PEOPLE ALWAYS ASK JUST WHAT DOES THAT MEAN?
Right now watching Texas flail away against Alabama, I considered my last post and what I am going thru right now.
I don't feel that my thoughts were clear. Maybe the emotions behind it were, but I struggled to get that out of me.
Man, I have been in some truly shitty spots before in my life. My stay in the provencial town I once jogged 'round, being one. And by 'spots' I mean periods of my life. And perhaps it is simply a coincidence but the reason that way the Emerson quote is interpreted by me and how I have generally assumed that it contrasts with that of the general public is this:
In my life, the 'entrance of another person' has meant the beginning of the crap for Mark and his goals. His life. His dreams. His EVERYTHING.
I bear the weight of Skye, KT, and Lexxie. My guilt and shame over leaving them without a permanent Father or the HOPES of having one is deep. With that said, I have begun to wonder about the 'why' of some things.
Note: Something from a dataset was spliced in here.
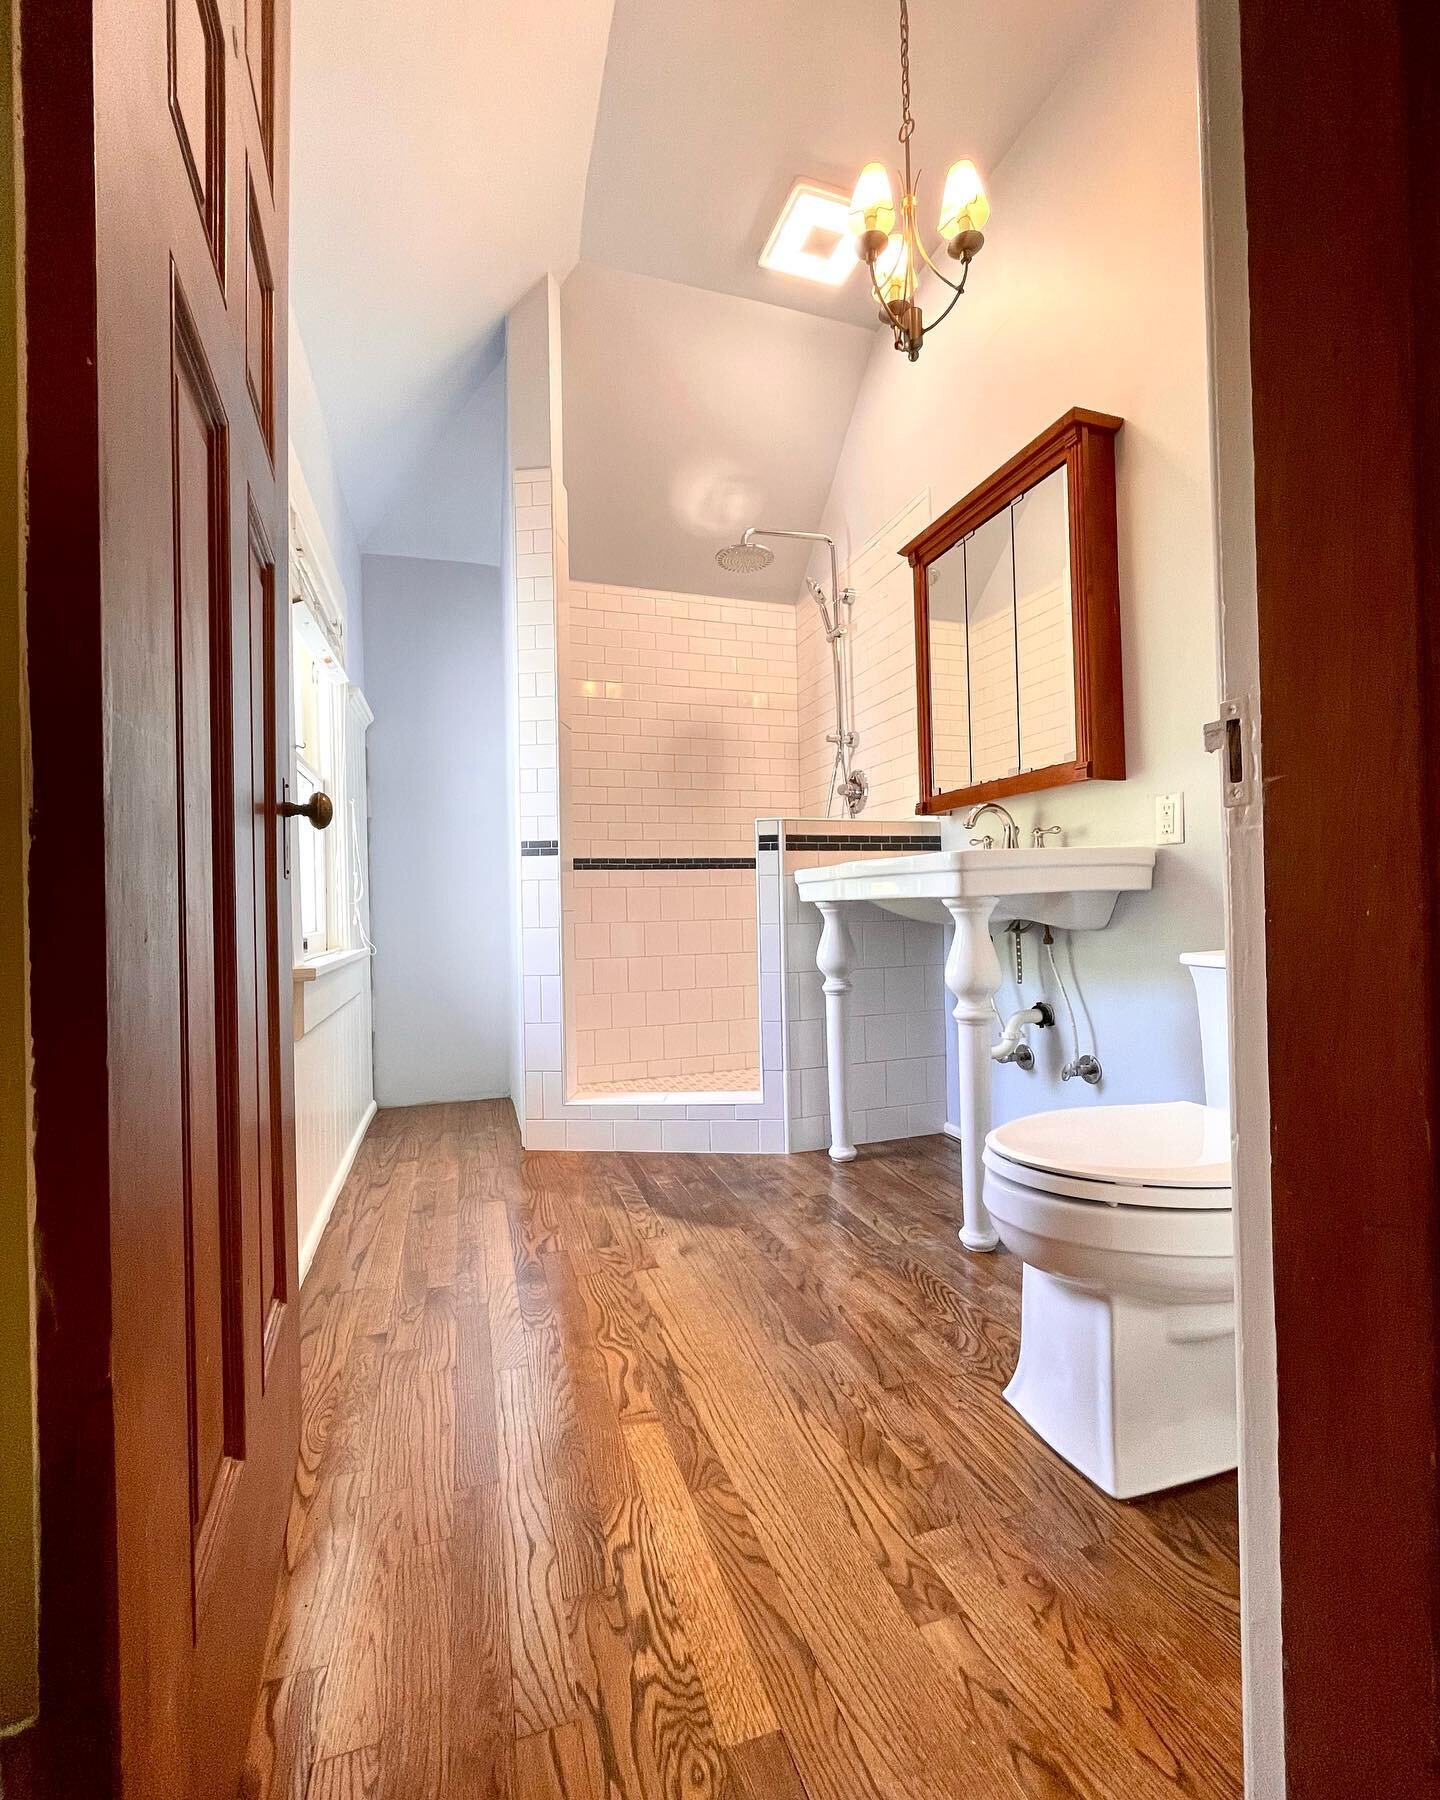 A little update to this historic homes bathroom. We&rsquo;ve slowly been transforming each space in this home to bring it to the present and still uphold some of the historic charm!

Stay tuned for our custom built cabinet/shelf that will fit in betw

Finding an answer to 'how do I work this' is one of the things about 'the entrance of another' that has left me wondering ...
BECAUSE WHEN YOU GO THRU THE DRIVE THRU...
The few times that I mentioned that I wanted to go out west and be on my own, it was because for me, it is clear: whenever the concerns of other people have intersected with the concerns of my life and what is best for it, I have lost out. Not that there is any blame to it... though the 'Jew Bastid' who was my crap manager will get a lil' blame. But hey, when you dance with crap people, expect to have crap spilled on your clothes.
My relationship with Mookie Dee was emblematic of what I mean. I don't ring up the cost/benefit analysis or anything like that. I only know what it cost me and if it isn't enough, cool.
What I want is my life, simple and plain. One of the things that I hoped to claim was my goal and what I believe was meant for me. And that is something that I don't think I need to restate it (but I am sure it will come out, eventually).
The reason that it is so difficult to write or keep up with reading right now is that there is so much noise inside my head. I don't like talking about what makes me feel down for too long a time. It leads to misery and that is a rut that is hard to get out of. I could really kvetch about how I feel, but f*ck that (and that is EXACTLY what I mean too).
I am glad that the President took the heat off the front line people when it came to the botched terror attempt against the flight from Amsterdam. He made the people who needed to have the heat put on them, take the rap.
See, I AM doing more than feeling sorry for myself!
p.s. yes, that IS what I am sippin'... with two cubes in cocktail glass!